James Seppelt

Sport
- Country: Australia
- Sport: Rowing

Medal record
Men's rowing
Representing Australia
World Rowing Championships
| Silver medal – second place | 1994 Indianapolis | LM4- |
Commonwealth Rowing Championships
| Gold medal – first place | 1994 Ontario | LM4- |

= James Seppelt =

Australian rower

James Seppelt is an Australian former representative lightweight rower. He was a seven time Australian national champion, won a silver medal at the 1994 World Rowing Championships and a gold medal at the 1994 Commonwealth Rowing Championships.

==Club and state rowing==
Raised in South Australia, Seppelt's senior rowing was from the Adelaide Rowing Club.

Seppelt first made South Australian state selection in the 1991 youth eight contesting the Noel F Wilkinson Trophy at the Interstate Regatta within the Australian Rowing Championships. From 1992 he rowed in South Australian lightweight fours contesting the Penrith Cup. He stroked the 1992 four, the 1993 victorious South Australian four, rowed in the two seat of the victorious 1994 SA four, and rowed again in the 1996 SA Penrith Cup four.

==International representative rowing==
Seppelt made his first Australian representative appearance in 1992 in an U23 lightweight four which contested an U23 Trans-Tasman series against New Zealand crews. The Australian lightweight four won all three of their match races.

Seppelt made his Australian senior representative debut in 1993 in the men's lightweight coxless four at the 1993 World Rowing Championships in Racice. The Australian four rowed to a fourth. He rowed again in the Australian lightweight eight at the 1994 World Rowing Championships where that crew placed sixth.
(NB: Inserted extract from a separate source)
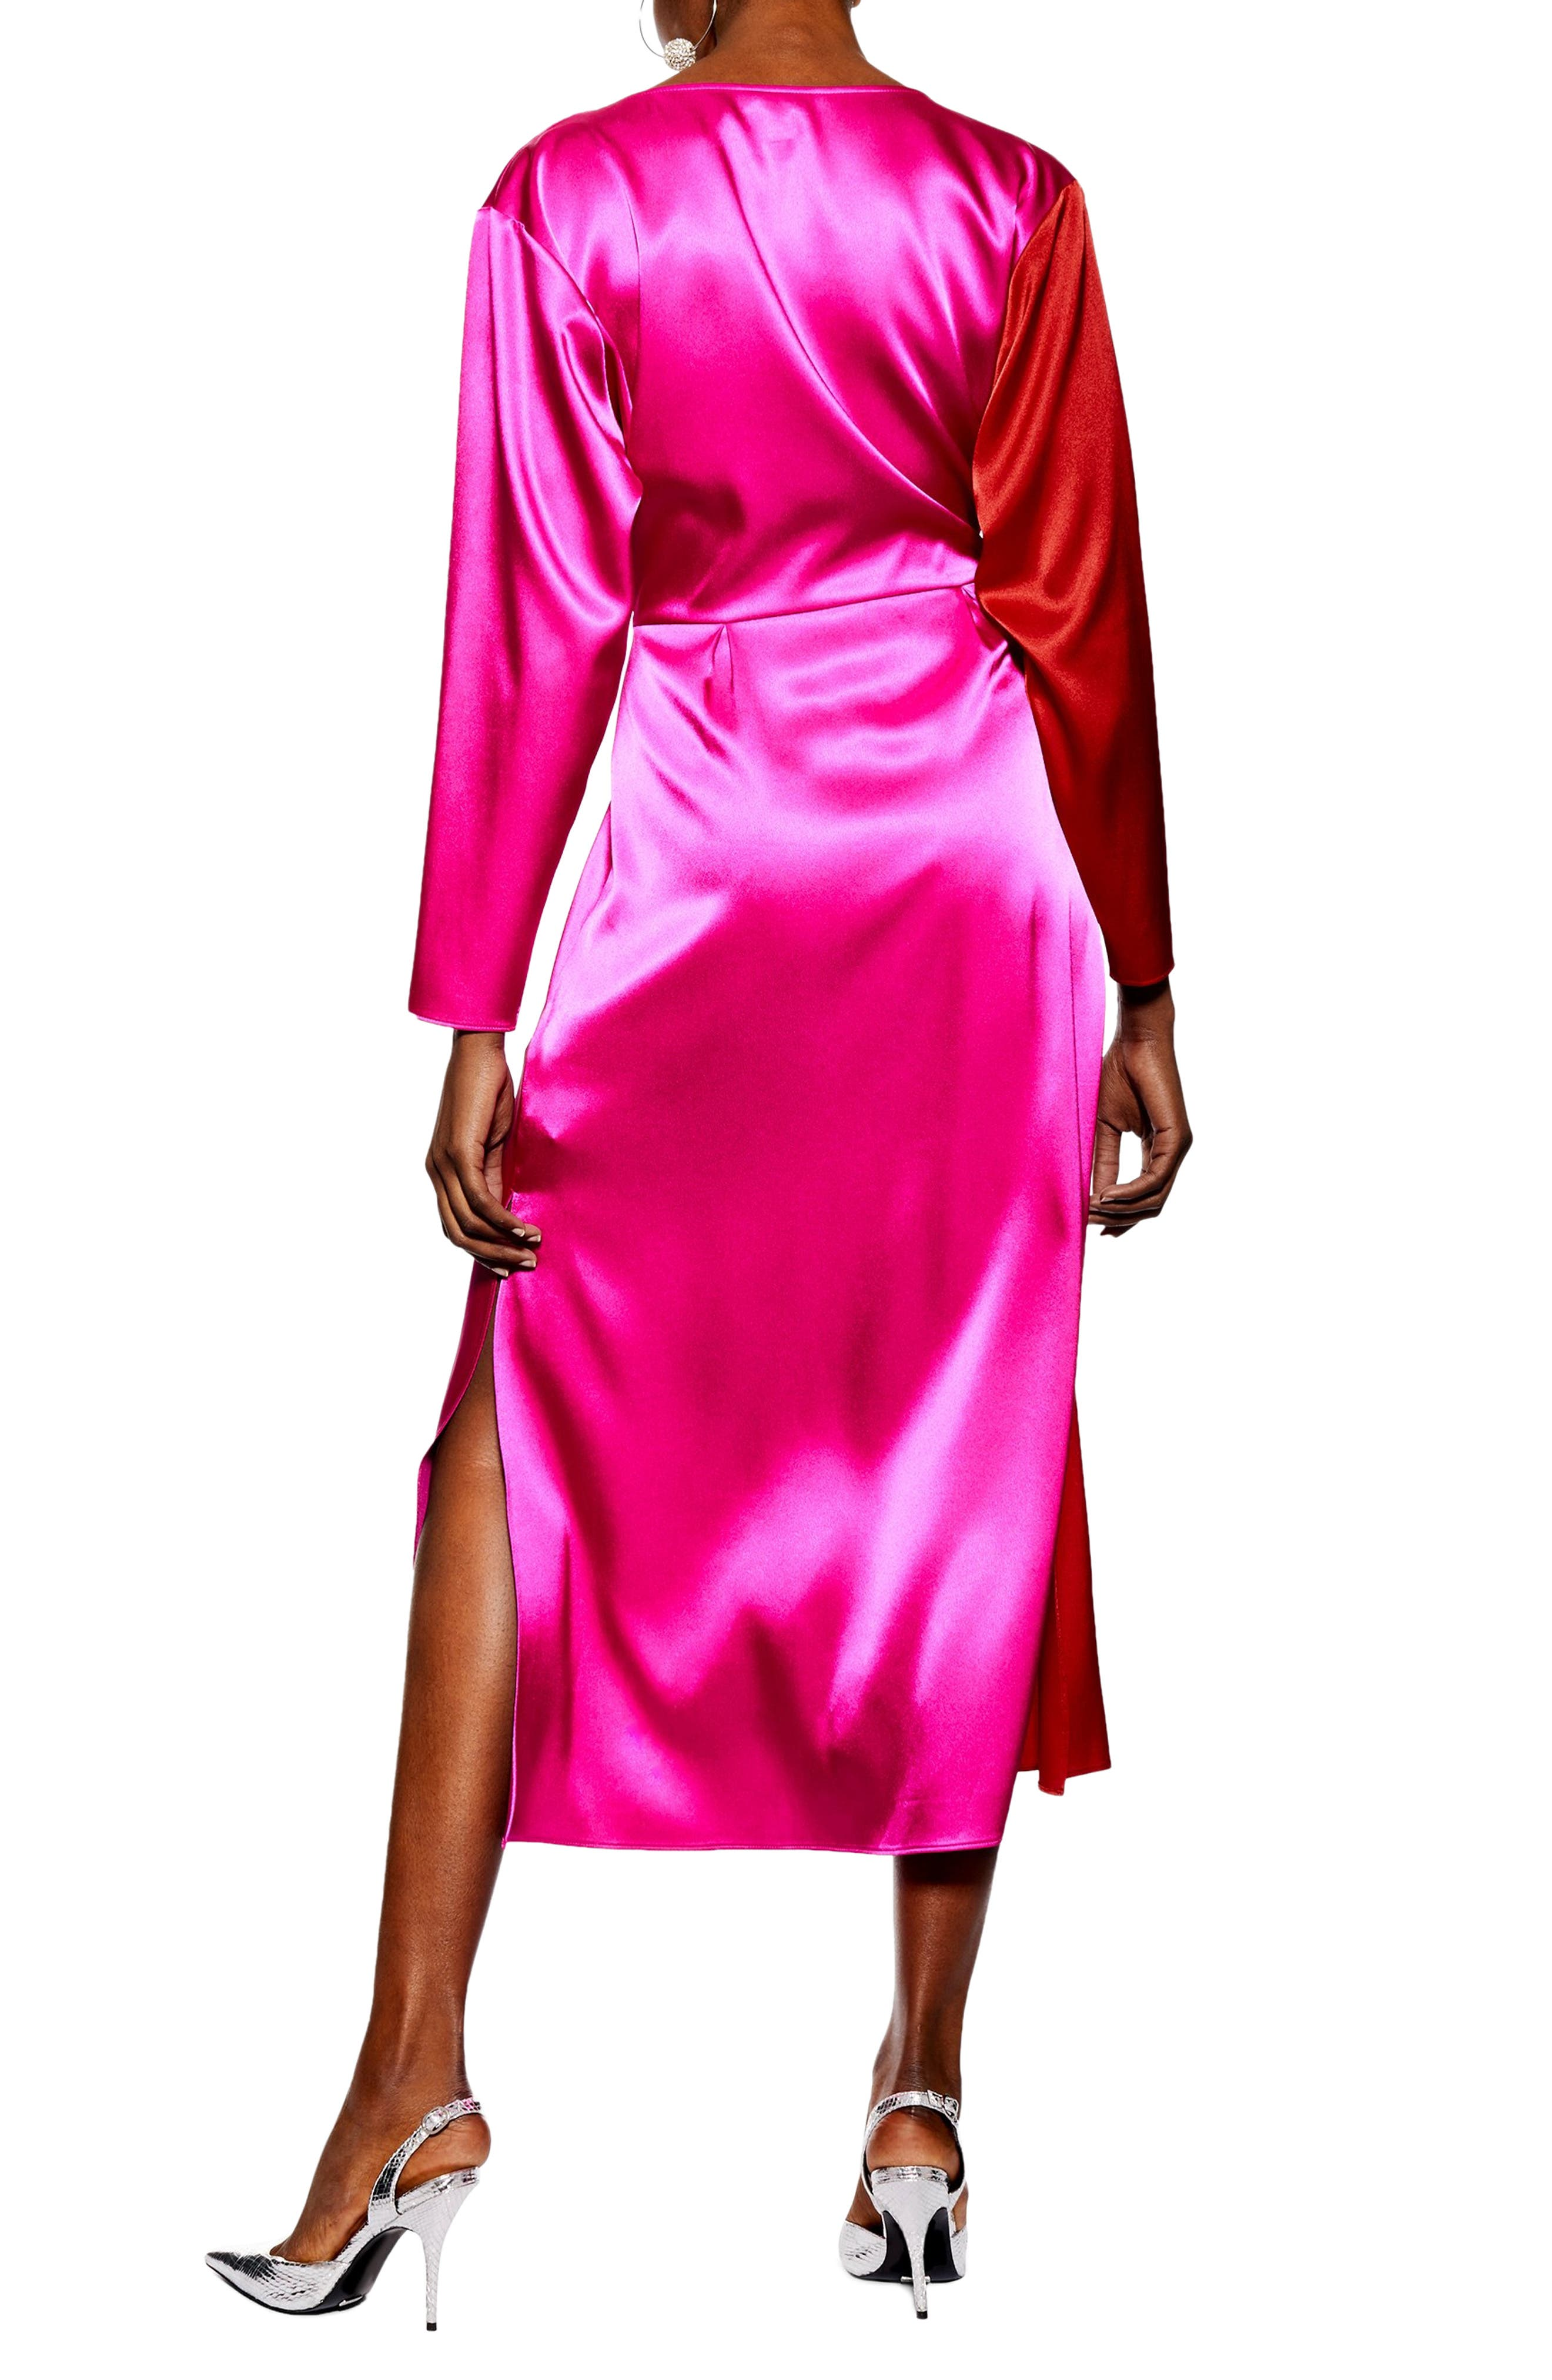 TOPSHOP,                             Colorblock Dress,                             Alternate thumbnail 2, color,                             PINK MULTI

At the Indianapolis 1994 Seppelt and his South Australian team-mate Andrew Stunnel rowed in a lightweight coxless four with Bruce Hick and Gary Lynagh. Seppelt stroked the four to a silver medal. That same crew contested the 1994 Commonwealth Rowing Championships held in association with the 1994 Commonwealth Games. They won gold at those championships. The following year at the 1995 World Rowing Championships he again stroked the Australian lightweight coxless four. They finished in tenth place and it was Seppelt's last Australian representative appearance.